By Janis Miglavs, courtesy Travel Portland

Weather is always an unknown when traveling. The first time I drove the Columbia River Highway through the Columbia River Gorge was on a beautiful summer day, when my wife and I got sweeping views of the gorge from Vista House and had a delicious lunch of locally grown products at the Multnomah Falls Lodge at the base of Multnomah Falls.

We ate in the atrium-style Falls Room with its floor-to-ceiling windows that have great views of the falls. One of the tallest in the United States, the falls drop 620 feet down the steep cliffs of the gorge in two stages. We later walked to the Simon Benson Bridge, which spans the lower cascade, one of the best ways to get an up-close look at the falls.

However, the last time we visited the gorge, it was a rainy, cold November day. The road to Vista House on Crown Point was covered with yellow leaves, and rain and mist obscured the fantastic view.
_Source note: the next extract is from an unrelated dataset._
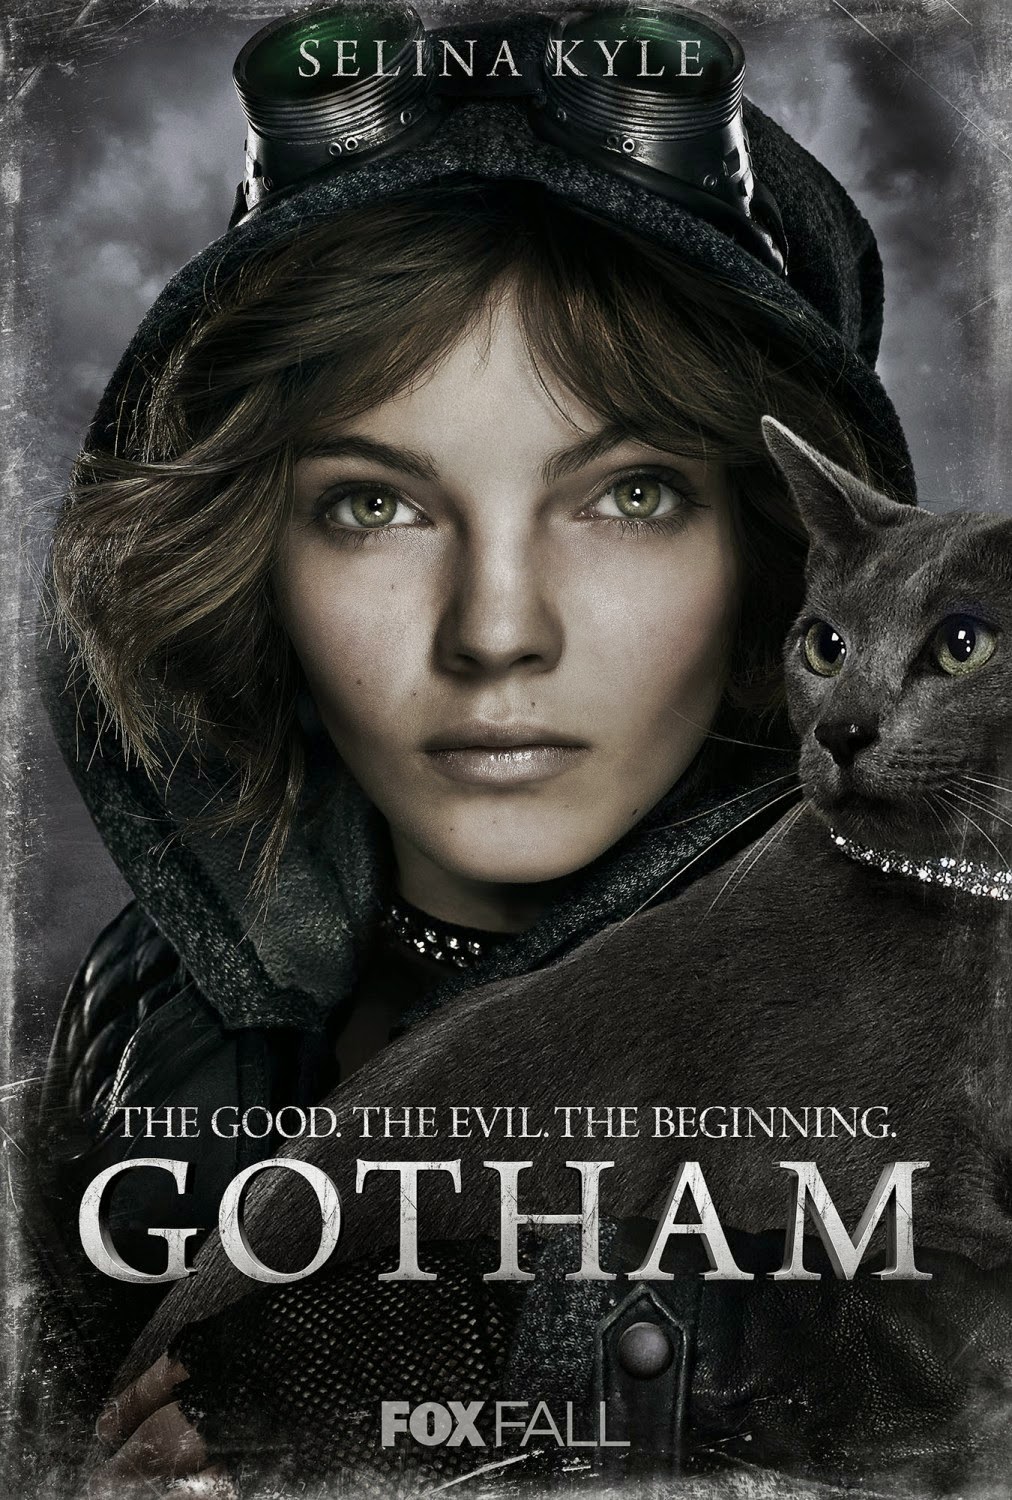 Gotham “The Good. The Evil. The Beginning.” Character TV Poster Set - Camren Bicondova as Selina Kyle-Catwoman

The only thing that saved what was up until then a very disappointing day was the Multnomah Falls Lodge, the stone-and-timber Cascadian-style building that dates from 1925. We stopped in midmorning and had the lodge’s delicious homemade cinnamon rolls with Oregon hazelnuts (locally called filberts) and a cup of hot “Hood River coffee” in front of a cozy fire in the Great Room’s large stone fireplace.

It took the chill off the weather and the experience, and left as vivid a memory as that bright summer day when we first stood at the base of the falls.